Posted by Rman2003, 02-23-2005, 02:46 AM
I have to agree. In the short (a couple months) time that I've been with WSI, this little fiasco is the first time I've experienced any downtime. As far as losing the "Webhosting Talk Switch"... I'm holding you to that.. go label it now. I don't want someone else stealing our switch if their's breaks! Good job on getting us back online.

Posted by NeedUptime, 02-23-2005, 08:57 AM
Boy, did you ever. I talked to James for almost an hour this morning, Aaron. He called me at about 4 AM and woke me up to tell me that everything was back on. I know what really happened. Out of respect to James - and because you would probably lose alot of customers and I dont think it would accomplish anything at all other than make alot of people angry - I am not going to tell everyone else. You should be thankful that you work for James and not me. Because if it were left up to me - knowing what went wrong and how - I would have canned you tonight - assuming I would have been able to resist the urge to do so at some point over the weekend. You need to think before you do things. You need to plan for the possibility of catastrophe before the catastrophe becomes reality. You know exactly what I am talking about and you know exactly where you failed. This second outage was very preventable and you and I both know that. I am back online now. I hope I stay that way. If I ever hear of an outage happening under the circumstances that this one did again, one of us will be parting ways. It'll either be you or me. Everyone is entitled to make mistakes and boy you sure have made alot of them this week. But as James said the service has been very reliable up until recently. And as the other poster said none of us knew of each other until WI went down, which is a good thing. You're getting a second chance with me. I would encourage the other customers to give you one as well. Knowing what I know, I think things just snook up on you and overwhelmed you. And that's all I am going to say about this topic.

Posted by WII-Aaron, 02-23-2005, 11:43 AM
I don't think it's any huge secret. The switch lost it's config.
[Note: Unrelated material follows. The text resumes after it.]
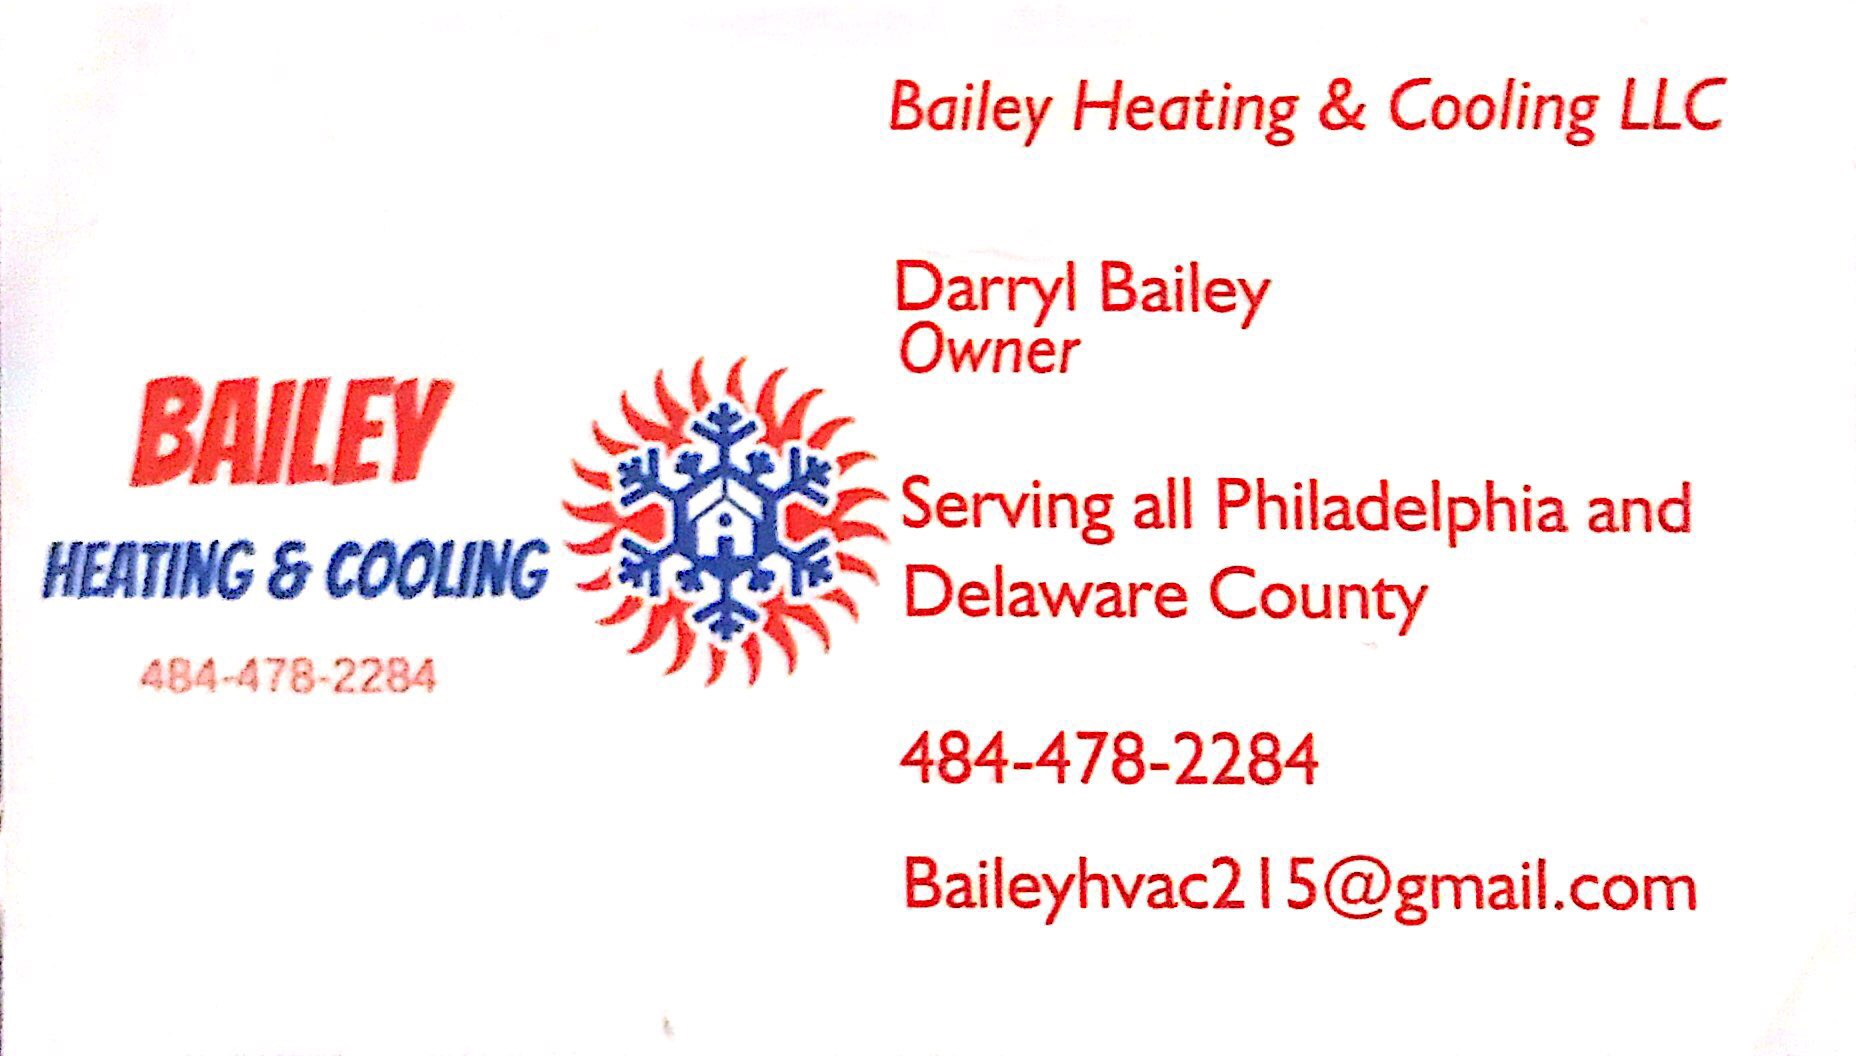 Bailey Heating & Cooling LLC

It's NVRAM got scrambled. Like all of us, you included if I remember correctly from a month or so ago, my backup was not as current as I would have liked and because of the recent, major changes in the structure of our network I had to rebuild most of it from scratch. You seem to think I have it in for you yet I'm the one that defends your right to host the sites you do when the complaints come in. I'm the one who gave you a home when all your other providers threw you out and then tolerated your payment issues for over a year. I even drilled a hole in our firewall so you could do some IRC stuff when our policy forbids it. I get repaid with 20 emerency support tickets within 2 minutes for a server was wasn't down. When I delete all but one and respond to it I get another 10 support tickets that all say "Stop deleting my f***ing tickets!" I brushed it off when I stepped out to get a bite to eat, leaving my personal cell phone on my desk, and came back 45 minutes later to find that I had missed 37 calls from you. Again, your server was pingable and SSHable. I am not your personal system admin. It is my responsibility to make sure you can access your server. I made sure you could access it via SSH and DirectAdmin. You also seem to have some misconceptions about our company structure. James and I have been in business together for over 5 years. I do not work for James just as he doesn't work for me. Like any couple (I mean that in a strictly platonic, hetrosexual way) who spend so much time together we sometimes have our differences. We do not air them in public and when push comes to shove, we will always back eachother up. Aaron

Posted by sightz, 02-23-2005, 12:10 PM
Anything in your TOS about being able to "fire customers"? Sounds like you have some real winners. :-)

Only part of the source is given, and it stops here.